While most lefties are healthy, of course, left-handedness is associated with a variety of disorders. About 32% of people with dyslexia, for instance, are left handed, suggesting a linkage between the two. And, there is also a correlation between schizophrenia and left-hand dominance. These suggest that there may be common epigenetic factors—or, environmental influences that directly impact gene expression—influencing lateralization and such diseases. Güntürkün notes that, "There are almost no disorders of the human brain that are not linked to brain asymmetries.” So, understanding how lateralization takes place in the developing brain may help us understand neurological diseases.

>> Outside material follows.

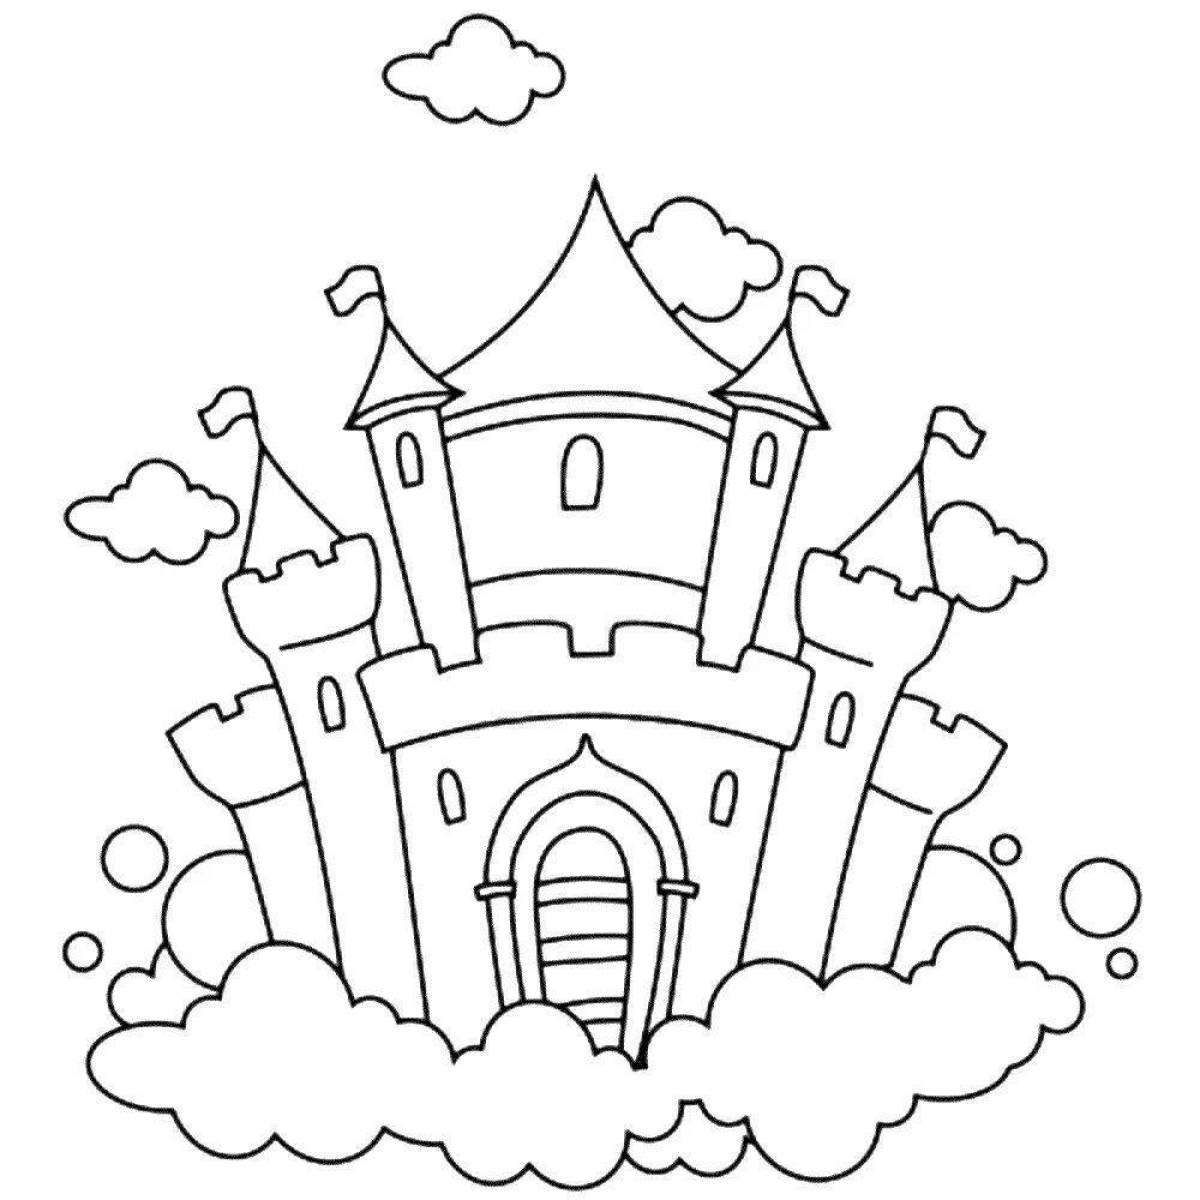 Wonderful palace coloring pages for kids
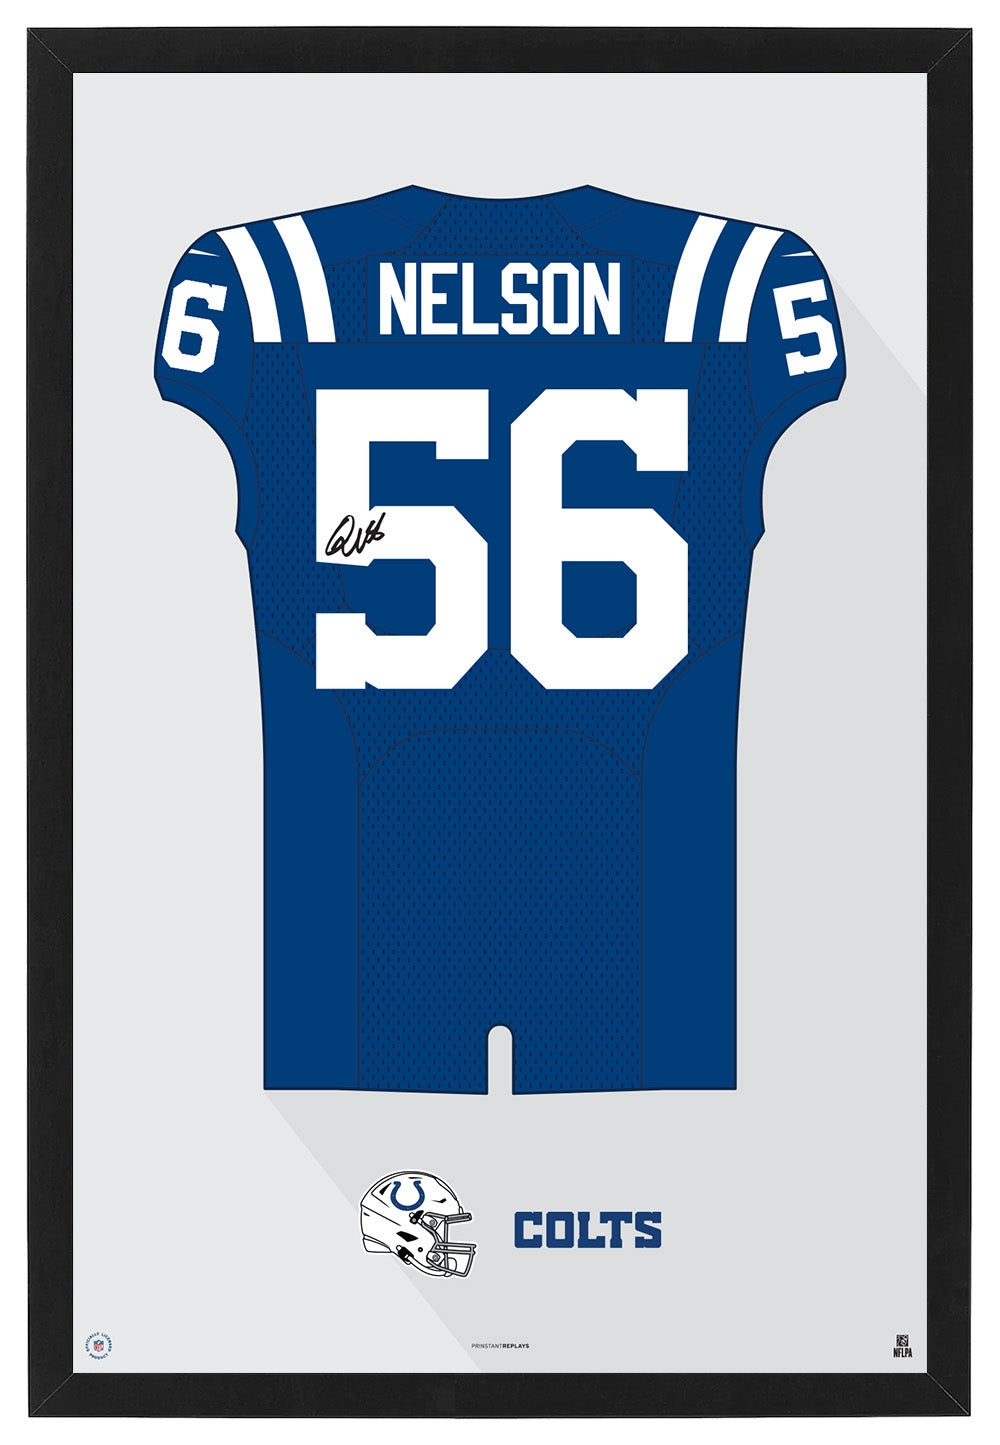 Indianapolis Colts Quinten Nelson Autographed Jersey Framed Print

Despite some health implications, associations between ‘left’ and ‘evil’ are for the most part, passé. Indeed, there is some exceptionalism associated with left-handedness today, including advantage in sports, and increased creativity.

The sports advantage has a clear logic: opponents aren’t as experienced dealing with left handedness, so their reaction times increase when the anticipated right-handed play is instead a left-handed one. Accounting for the connection to creativity, according to Alan Searleman, are studies suggesting that lefties have greater fluid intelligence and larger vocabularies. Then again, there’s also evidence that strong handedness increases language processing abilities, but it doesn’t matter which hand is dominant.

A lefty myself, it’s cheering to think that left-handedness confers some effortless superiority, but the idea wilts a bit when all things are considered. Still, lefties are in good company, with 5 of the last 8 U.S. presidents being left-handed. And Oprah.